The Court asserted that variations in hospital bill surcharges and insurance costs are typical and unlikely to have been intended for preemption under ERISA. It is improbable that Congress sought to eliminate the impact of state regulations, such as health care quality controls or employment rules, on ERISA plans, even if those regulations influence the affordability of benefits. A broad interpretation of the preemption provision that would override all state laws impacting costs would contradict statutory interpretation principles and established precedents, which affirm that preemption does not apply to laws with only a tenuous or peripheral connection to ERISA plans. Furthermore, the Act does not suggest that Congress aimed to displace general health care regulation, which has traditionally been a local matter.

Wisconsin's regulatory scheme for health insurance, similar to New York's, aims to improve access for those struggling to obtain insurance in the private market. However, the methods differ: New York's surcharges benefit not-for-profit insurers and HMOs, while Wisconsin funds a public insurance pool through assessments on insurance carriers. These surcharges, although they may increase costs for employers sponsoring self-funded ERISA plans when seeking stop-loss coverage, do not directly reference or interfere with ERISA plans. The HIRSP assessment is applied uniformly to insurance sales in Wisconsin, independent of the insurance's association with ERISA plans. The additional costs, while burdensome, do not dictate employee benefit offerings or significantly alter the responsibilities of plan administrators. The impact of the assessment on the overall cost of benefits is seen as similar to other state regulations that may elevate expenses without triggering ERISA preemption, as established in the Travelers case, which deemed the influence of such levies on ERISA plans as too minimal to warrant preemption.

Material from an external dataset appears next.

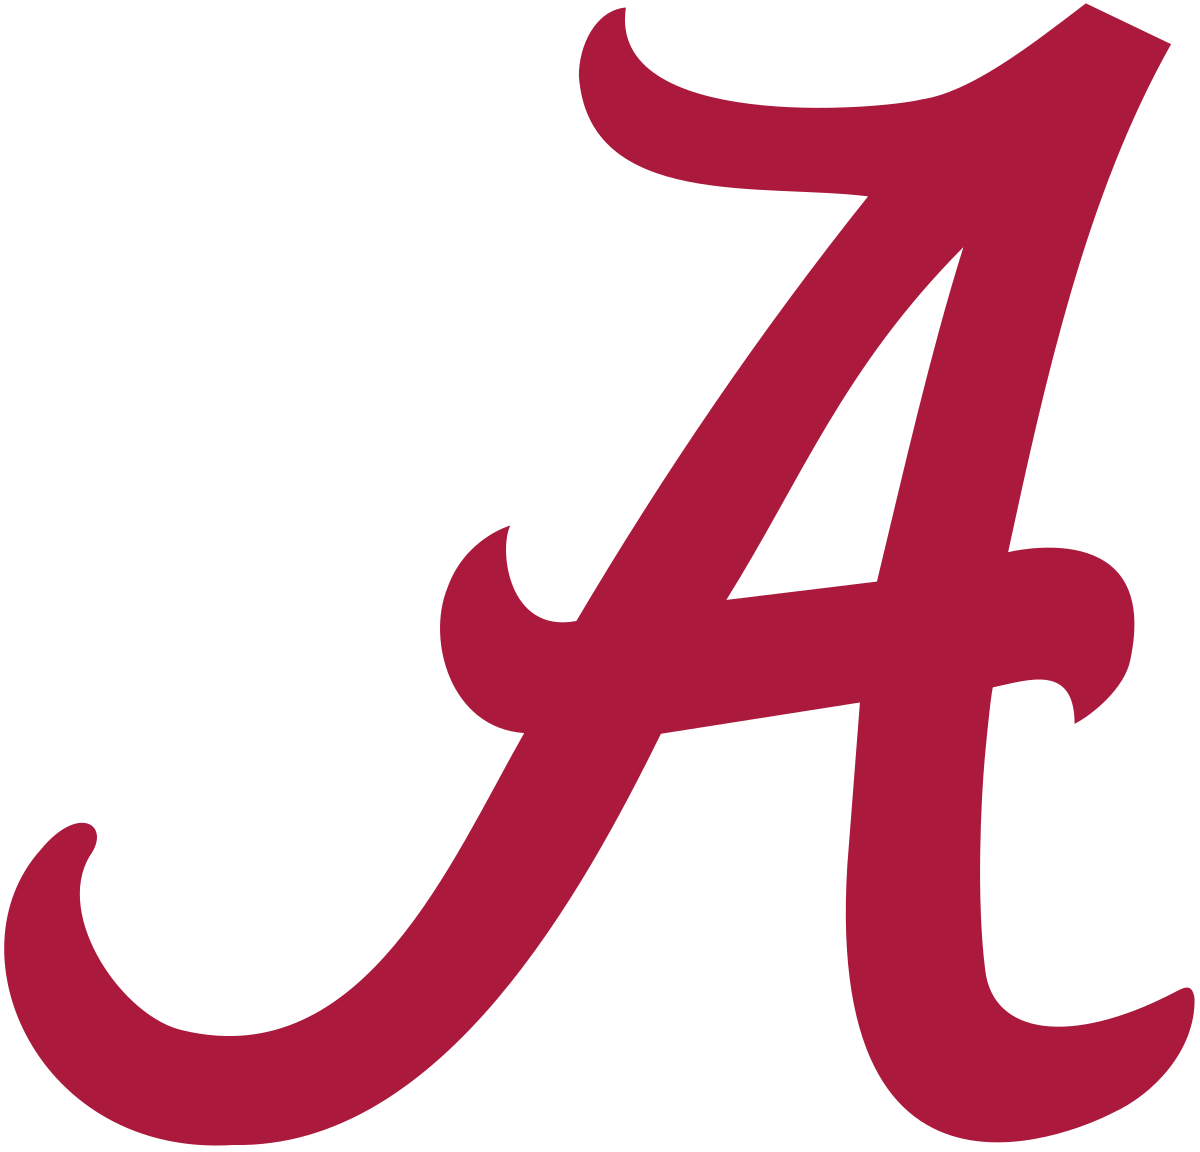 2018 Tide Logo - 2018 Alabama Crimson Tide football team
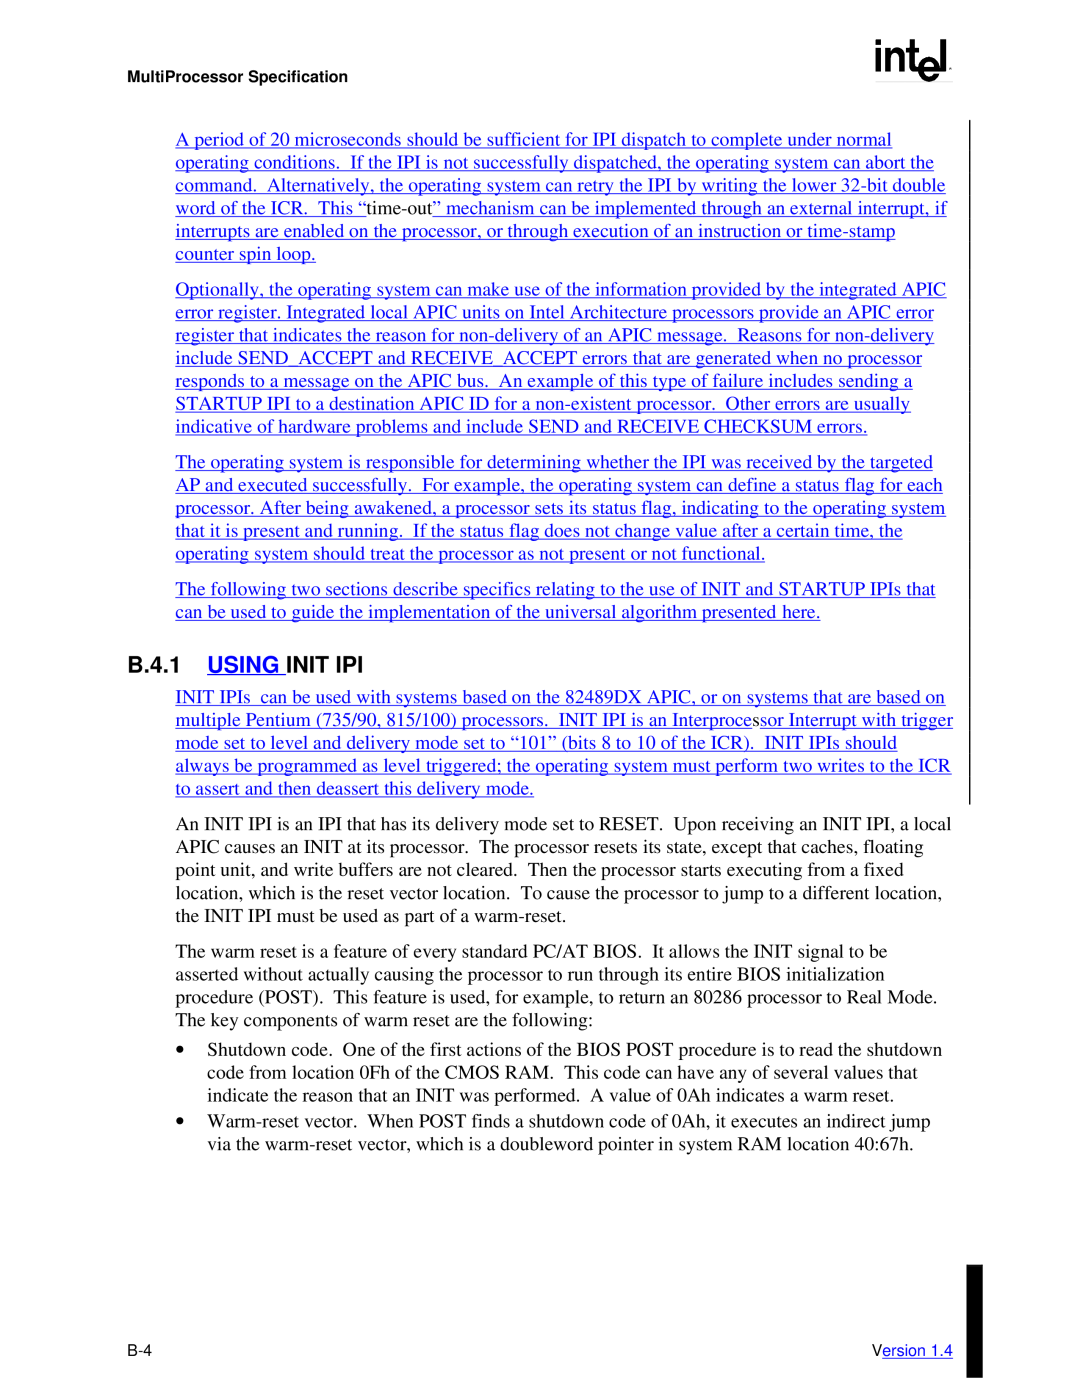 Intel MultiProcessor manual B.4.1 USINGINIT IPI

The HIRSP assessments imposed by Wisconsin on health insurance carriers do not significantly interfere with the provisions or administration of ERISA plans, thus they do not "relate to" such plans in a way that would trigger ERISA's preemption clause. Any indirect effects of these assessments, such as increased insurance costs for employee benefit plans, fall outside ERISA's jurisdiction. Consequently, the court agrees with the district court that the defendants are entitled to summary judgment regarding Safeco's complaint. However, since the district court dismissed the complaint based on a lack of jurisdiction (a point not addressed by this court), the judgment of dismissal is vacated and the case is remanded with instructions to enter summary judgment in favor of the defendants. Additionally, Safeco does not contest HIRSP fees for policies unrelated to ERISA plans and has already paid those fees. Safeco’s complaint also included a claim that the HIRSP assessment should not apply to stop-loss insurance policies, but the district court indicated it would abstain from ruling on this if it had jurisdiction; Safeco has chosen not to pursue this claim on appeal, potentially reserving it for future state proceedings. The resolution of this case was previously postponed pending the Supreme Court's decision in Travelers. It is noted that Safeco will pass the surcharge from HIRSP assessments onto its insureds, including employers with stop-loss coverage for ERISA plans.